All of my miners are based on the minemeld.ft.http.HttpFT class. There are 2 domain miners (we'll get to why in a bit) and 2 URL miners (though I think most people won't need either of them as long as they have the domain ones setup). The miners are all using SpeedTest.net's static server list from http://c.speedtest.net/speedtest-servers-static.php .
It is important to note that this PHP page lists the 100 "nearest" testing hosts to the requestor, which will be the MineMeld server and not necessarily any clients that are consuming your feed. You should keep this in mind if you are providing intelligence feeds to clients across a geographical diversity. As all of my clients are within 300 miles of my MineMeld server's PoP, it is good enough for me.
First up is the main domain miner. You'll notice I went a bit capture-crazy and got all of the fields. That allows you to use filters later on if you want (I don't, but I like options). Just use any existing minemeld.ft.http.HttpFT miner as a source (the DShield Blocklist was my favorite) and make sure to set the Indicator Type to domain.

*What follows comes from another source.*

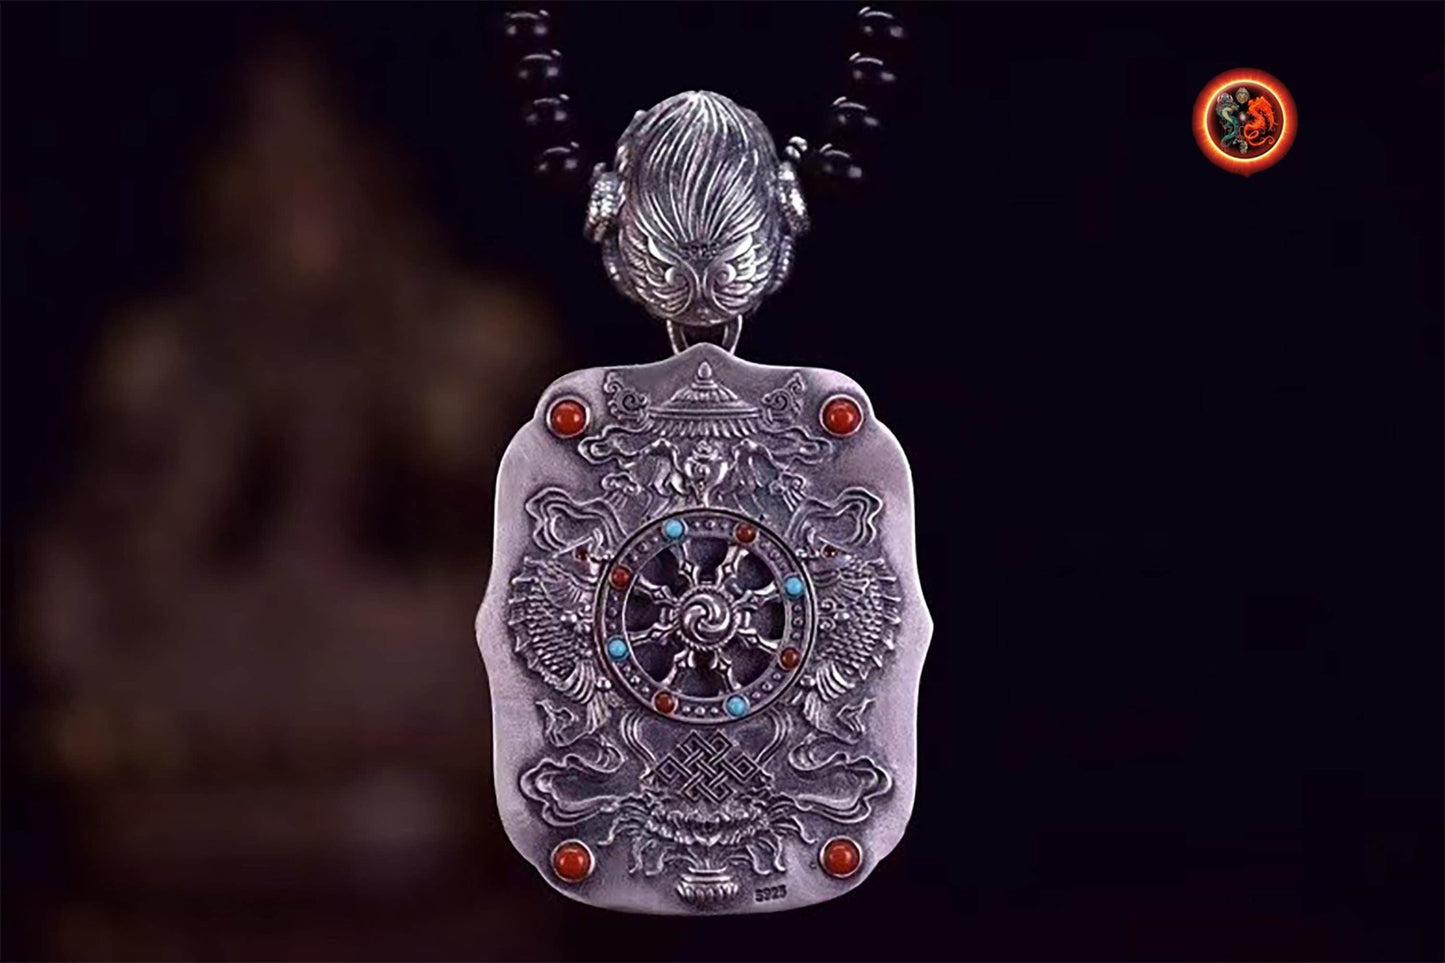 pendentif amulette de protection bouddhiste bouddha Tara Blanche mala de prière et méditation 108 perles, argent 925 or 18K bélière Garuda - obsidian dragon

And use this for your config
age_out:
default: null
interval: last_seen+7200
sudden_death: true
attributes:
confidence: 100
share_level: green
type: domain
fields:
city:
regex: url="(.*)"\s*lat="(.*)"\s*lon="(.*)"\s*name="(.*)"\s*country="(.*)"\s*cc="(.*)"\s*sponsor="(.*)"\s*id="(.*)"\s*host="(.*)(?::\d{0,5})?"
transform: \4
countryCode:
regex: url="(.*)"\s*lat="(.*)"\s*lon="(.*)"\s*name="(.*)"\s*country="(.*)"\s*cc="(.*)"\s*sponsor="(.*)"\s*id="(.*)"\s*host="(.*)(?::\d{0,5})?"
transform: \6
countryName:
regex: url="(.*)"\s*lat="(.*)"\s*lon="(.*)"\s*name="(.*)"\s*country="(.*)"\s*cc="(.*)"\s*sponsor="(.*)"\s*id="(.*)"\s*host="(.*)(?::\d{0,5})?"
transform: \5
hostname:
regex: url="(.*)"\s*lat="(.*)"\s*lon="(.*)"\s*name="(.*)"\s*country="(.*)"\s*cc="(.*)"\s*sponsor="(.*)"\s*id="(.*)"\s*host="(.*)(?::\d{0,5})?"
transform: \9
id:
regex: url="(.*)"\s*lat="(.*)"\s*lon="(.*)"\s*name="(.*)"\s*country="(.*)"\s*cc="(.*)"\s*sponsor="(.*)"\s*id="(.*)"\s*host="(.*)(?::\d{0,5})?"
transform: \8
lat:
regex: url="(.*)"\s*lat="(.*)"\s*lon="(.*)"\s*name="(.*)"\s*country="(.*)"\s*cc="(.*)"\s*sponsor="(.*)"\s*id="(.*)"\s*host="(.*)(?::\d{0,5})?"
transform: \2
long:
regex: url="(.*)"\s*lat="(.*)"\s*lon="(.*)"\s*name="(.*)"\s*country="(.*)"\s*cc="(.*)"\s*sponsor="(.*)"\s*id="(.*)"\s*host="(.*)(?::\d{0,5})?"
transform: \3
sponsor:
regex: url="(.*)"\s*lat="(.*)"\s*lon="(.*)"\s*name="(.*)"\s*country="(.*)"\s*cc="(.*)"\s*sponsor="(.*)"\s*id="(.*)"\s*host="(.*)(?::\d{0,5})?"
transform: \7
url:
regex: url="(.*)"\s*lat="(.*)"\s*lon="(.*)"\s*name="(.*)"\s*country="(.*)"\s*cc="(.*)"\s*sponsor="(.*)"\s*id="(.*)"\s*host="(.*)(?::\d{0,5})?"
transform: \1
ignore_regex: settings|servers
indicator:
regex: url="(.*)"\s*lat="(.*)"\s*lon="(.*)"\s*name="(.*)"\s*country="(.*)"\s*cc="(.*)"\s*sponsor="(.*)"\s*id="(.*)"\s*host="(.*)(?::\d{0,5})?"
transform: \9
interval: 3600
source_name: speedtest.hosts
url: http://c.speedtest.net/speedtest-servers-static.php
The indicator comes from the last element listed by SpeedTest, the "host" value (just with the port number stripped off).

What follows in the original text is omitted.